Hydro-Tech Pads

SP4449

New member
Guys,

I'm finally ready to buy my first DA polisher with a 5" backing plate and after reading various threads it appears that flat pads are popular along with the hydro-tech pads. When studying HT pads I see that I have an option to buy the 7/8th or 1 and 1/4 inch pads.

For someone new to using a polisher which pad height is my best choice?

Thanks,
Jim
 
Jim, I like using the 7/8" thin pads which gives me the option in removing swirls faster then the thick ones and also better control.
 
I prefer the thicker ones because polish oils don't absorb through to the backing plate quite as fast, causing pad failure. Basically, the thicker ones will last longer. I've tried and use both. I haven't seen any difference in cutting ability when using the GG6 DA.
 
Wow, I never even knew there was an option on what thickness you want. Does it really make a difference if you get 7/8ths over 1/4th? I mean do you really wear the pads down that much to where you are going to save another 8 bucks on a pad? Seems to me like 7/8ths would be the way to go...
 
I also would go with the thiner pads. They spin better, and thus polish better.
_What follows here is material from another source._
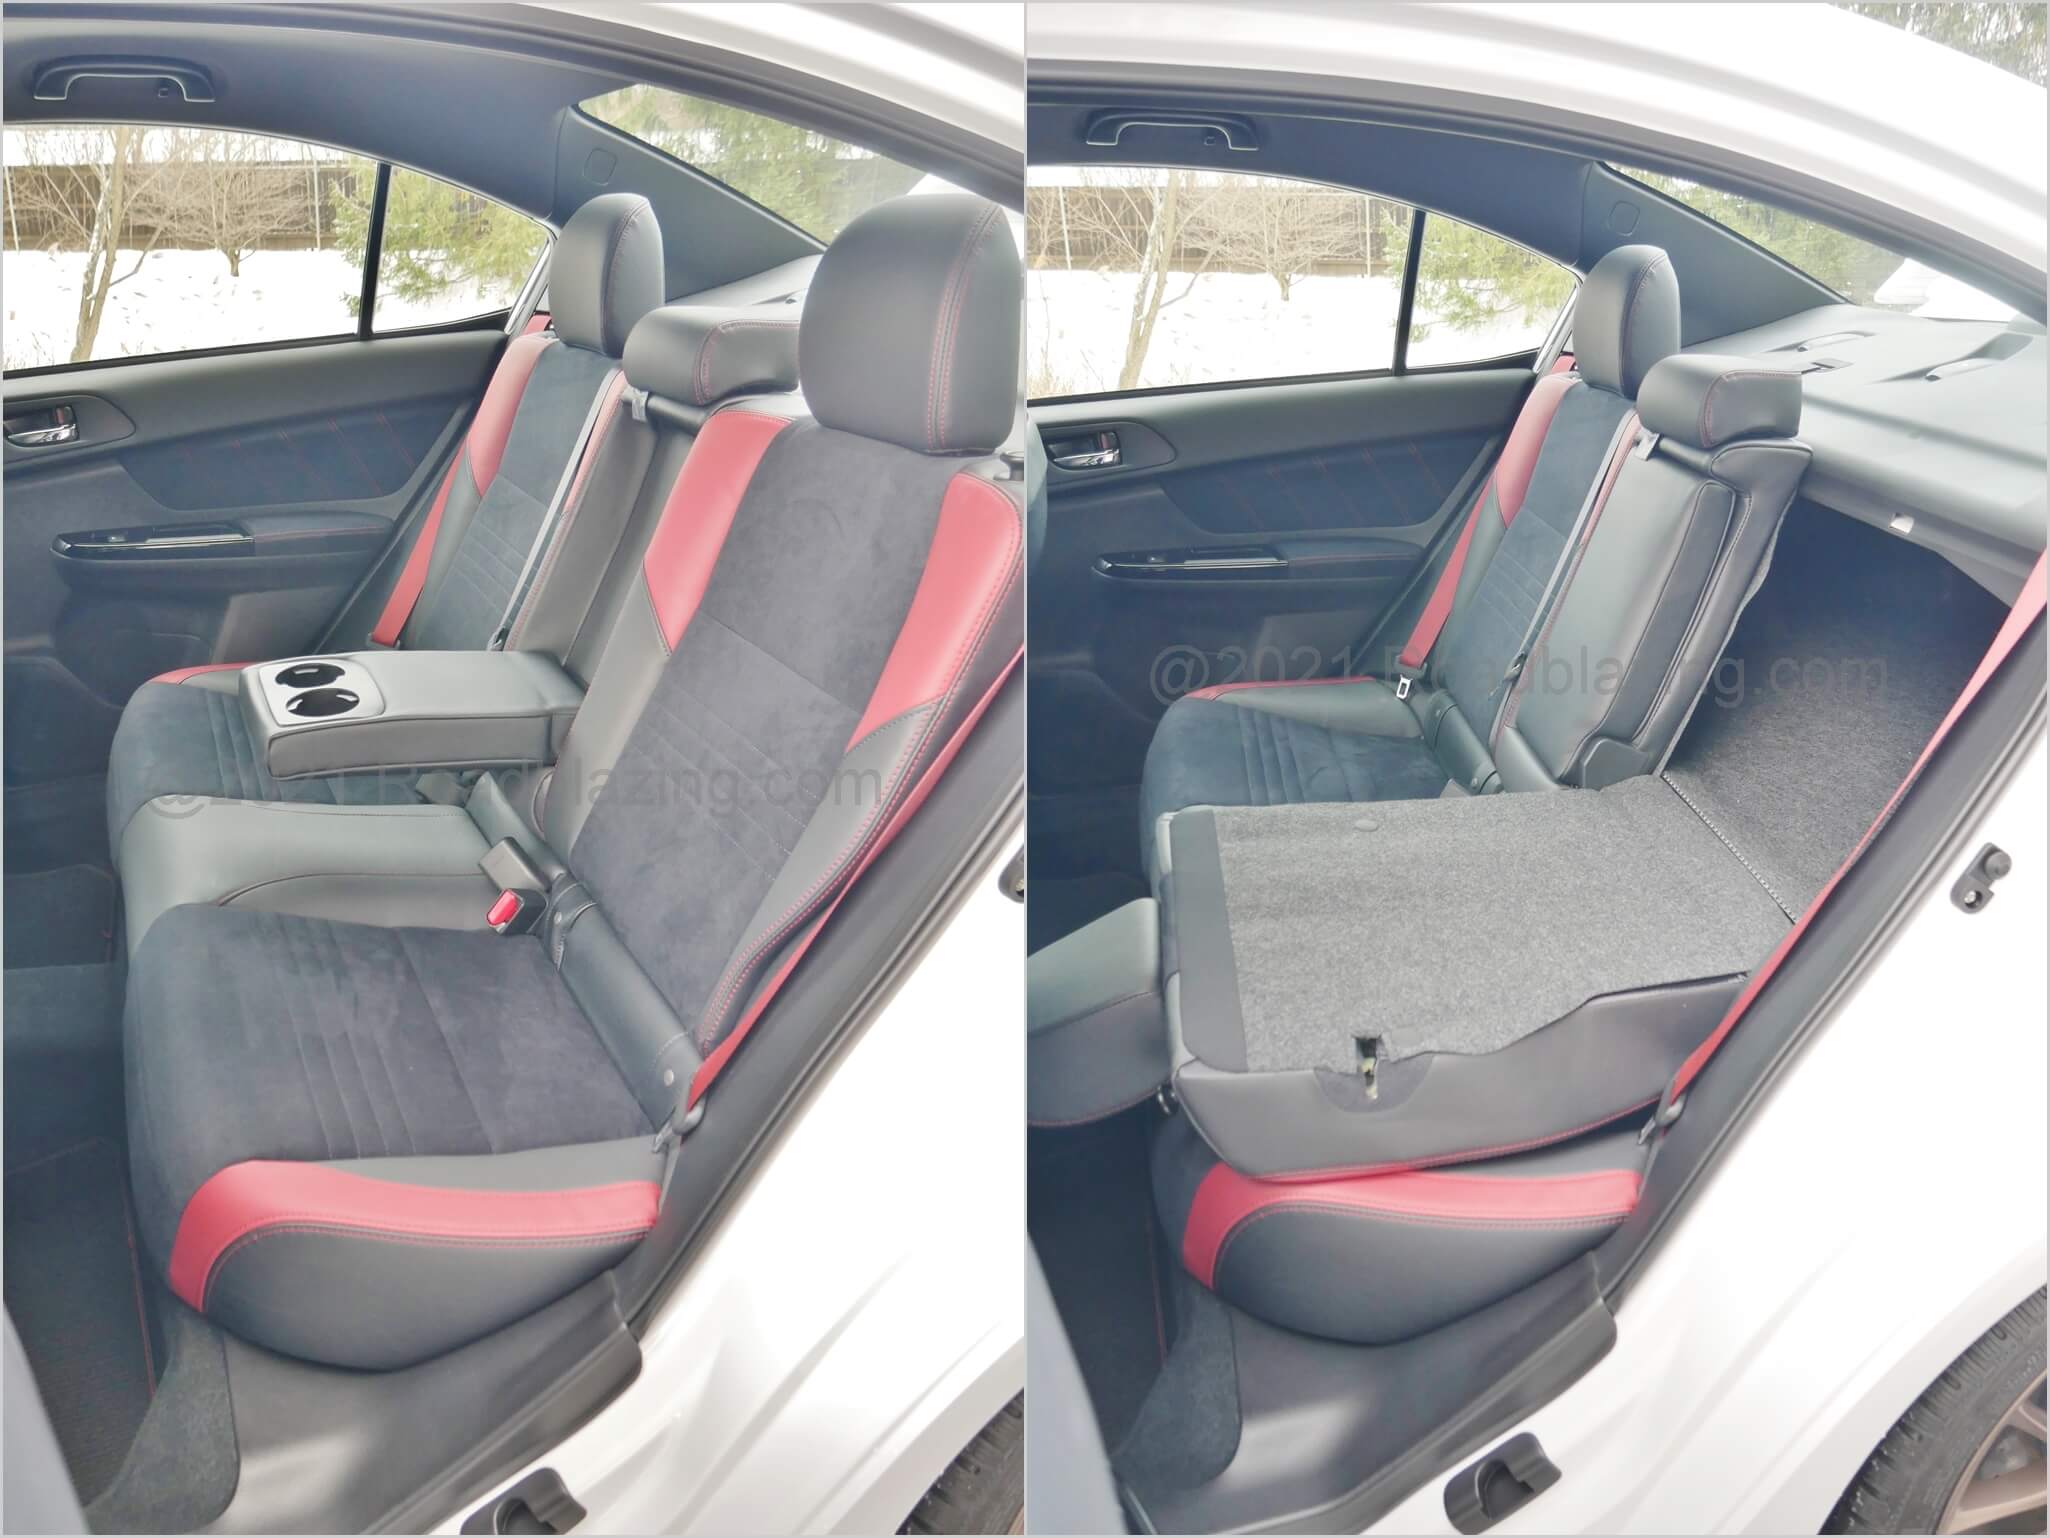 2020 Subaru WRX STI: Previous generation Impreza cabin space and comfort

Wow, I never even knew there was an option on what thickness you want. Does it really make a difference if you get 7/8ths over 1/4th? I mean do you really wear the pads down that much to where you are going to save another 8 bucks on a pad? Seems to me like 7/8ths would be the way to go...

Only the 5.5 inch pads give you the option of choosing 7/8ths (thin) or 1 1/4 inch.

For a new polisher we recommend the 1 1/4 inch thick pads because it does provide more cushion and it holds the backing plate further from the paint to reduce the risk of damage.

7/8th inch pads are going to be more aggressive on a DA polisher and actually require LESS pressure to achieve optimal results.

The tiny (5/16ths of an inch) orbit is where the DA polisher creates most of its polishing power, not from the pad spinning (rotating). I personally disagree that a DA polisher needs to rotate in order to correct paint. If you think of a polishing pad like a bowl of Jello then it helps to visualize the process.

When you apply wax by hand, you apply the wax in tiny circles, which are orbits. This is true unless you are VERY flexible or you can disconnect your wrist like Lynda Blair in the Exorcist and make it rotate. That tiny "wax-on" motion is an orbital motion. So lets say you are applying a block of Jello to the paint by hand.

If the Jello block was very tall and all you where using was tiny orbits, the block would jiggle on itself. The part of the Jello that was contacting the paint wouldn't really move, as the orbital motion would be absorbed in the Jello. Unless you compress the Jello block by pressing down. As the Jello block becomes shorter (thinner) less and less motion is absorbed in the block and more is transferred to the paint. Even less pressure is required.

However a thinner pad does increase the chance of running the backing plate into the paint and damaging it, so there is always a compromise.
 
Thought the HT pads were closed cell foam the would not absorb liquid.:confused:
I prefer the thicker ones because polish oils don't absorb through to the backing plate quite as fast, causing pad failure. Basically, the thicker ones will last longer. I've tried and use both. I haven't seen any difference in cutting ability when using the GG6 DA.
 
Thought the HT pads were closed cell foam the would not absorb liquid.:confused:

yeah, better think again. It may fight off absorbing a little longer than a normal pad, but I've had MANY H20 pads burn and come apart/fail/melt from oils soaking in all the way to the backing plate which heats the oils up and causes all that.

The ONLY reason I still use them is because there is no other pad I've used that finishes down as nicely as they do, including the cyan pad, best finishing cutting pad I've tried so far.